This monastery is located near the town of Bolibar (yes, Simón Bolivar the liberator of the Spanish colonies in South America had his ancestors here), belonging to Markina-Xemein (a beautiful but unknown town, where the University of Jai-Alai-Basque pelota- is located). The building is not magnificent, I´d say it´s humble and appropriate for praying and silence…but it is surrounded by a most beautiful scenery, green meadows and valleys, one after the other, and by the magnificent mountains of the Basque Country. It´s open to visitors and it´s also a hospice, where you can rest and share the meditative life of the monks. For more info, http://monasteriozenarruza.net/, available in English and other languages.
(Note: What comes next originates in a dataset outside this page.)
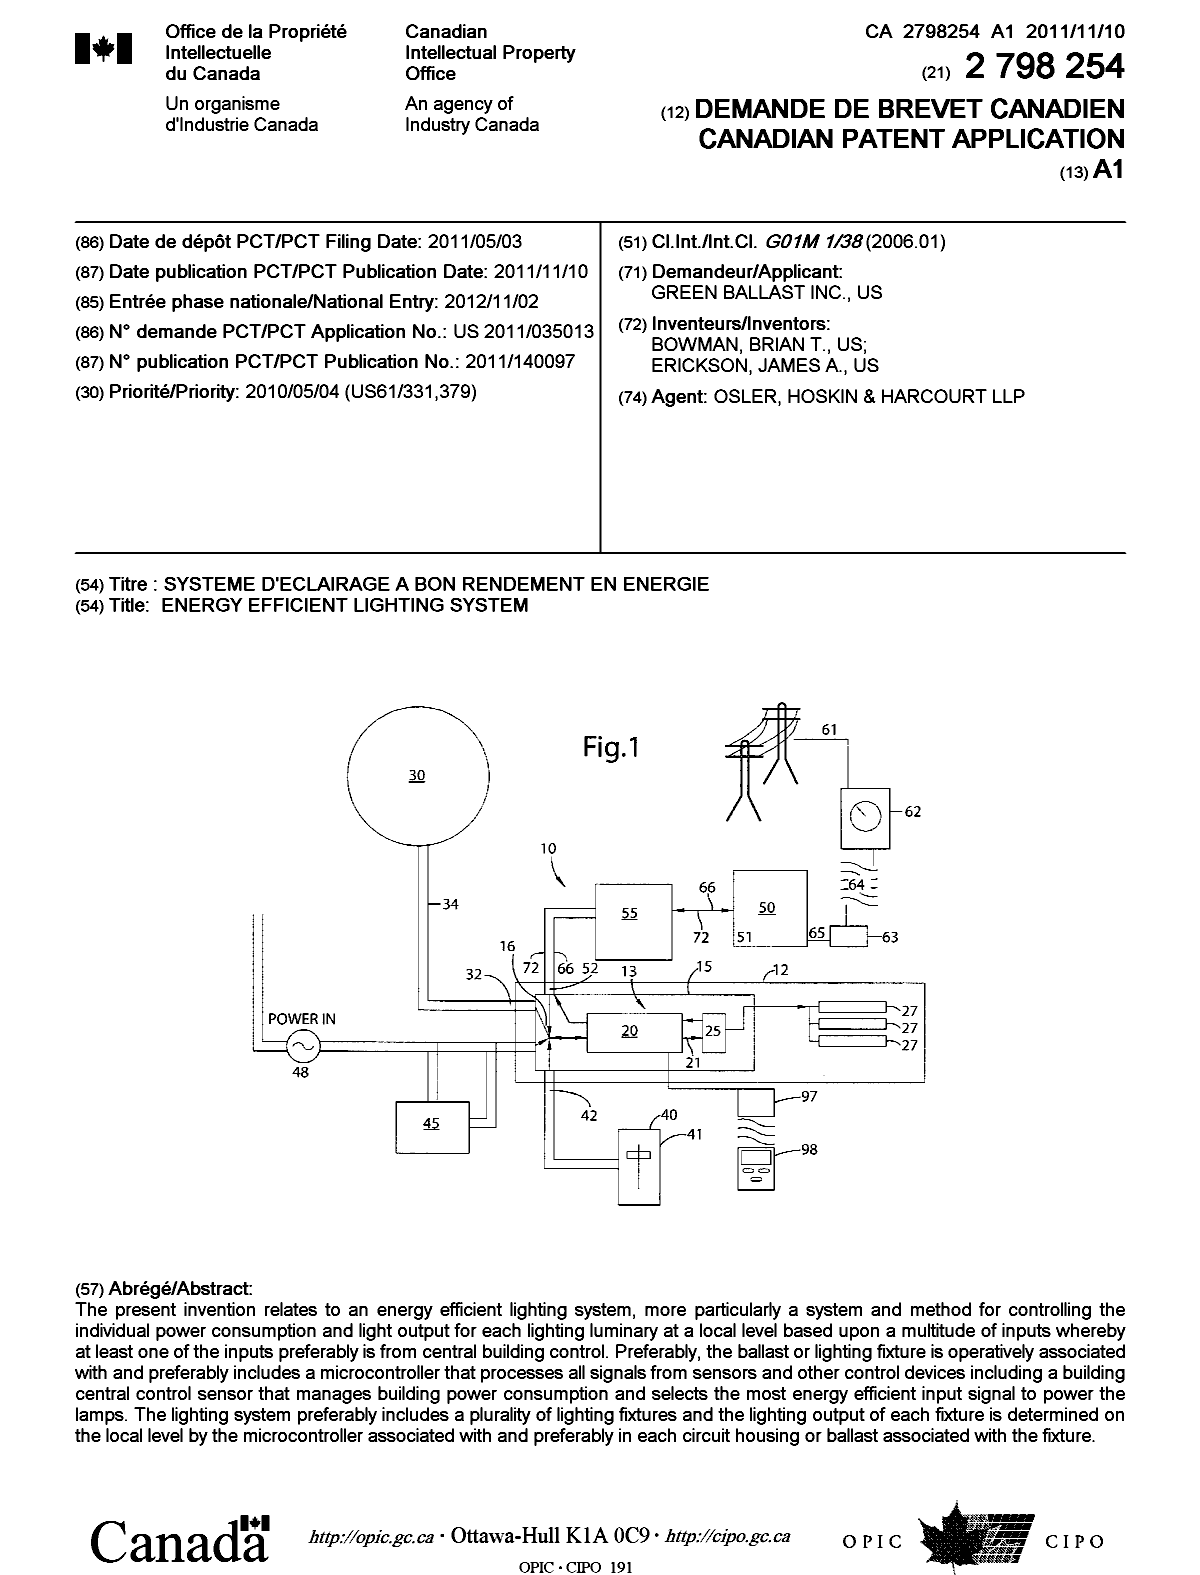 Document de brevet canadien 2798254. Page couverture 20130107. Image 1 de 1

By mid November climate changes and winter settles in the Basque Country. Then, in many “baserris“, Basque farm houses, people get ready for the celebration of the txarriboda, a centuries old event that was intended to assure the daily intake of food for the next few months. The baserritarras, of owners of the farm, call their friends and neighbours and settle a date for the txarriboda or pig slaughter. They choose the biggest one of their swines and feed him well in the weeks prior to the big day. It´s a big party for everyone, and kids are -usually- also (passive) spectators. The pig is laid down and the butcherer cuts his throat deep and long, blood spurting down into a bucket, where it´s collected to make the diverse pork products afterwards. Hairs are burnt with wooden sticks, pig is cleaned and ”sanitized”. Men kill and cut the pig, women make the food.
Once the pig is dissected, cut in half, his blood collected…the feast of the preparation of food begins. Meanwhile, there may be music on the frontyard of the farm, and people dancing, and friends socializing having some drinks and food. There´s normally a big table and food and drinks are laid on it, so everybody enjoys the party. Morcillas (blood sausage with rice or vegetables), chorizo (red sausage, spicy or not), bacon, ribs, ham,…, everything is stuffed and made and then hung on to the ceiling on a fresh space to cure for a few weeks. Deliciously fresh, natural, preservative free…a real pleasure to your senses once they are cured enough to eat.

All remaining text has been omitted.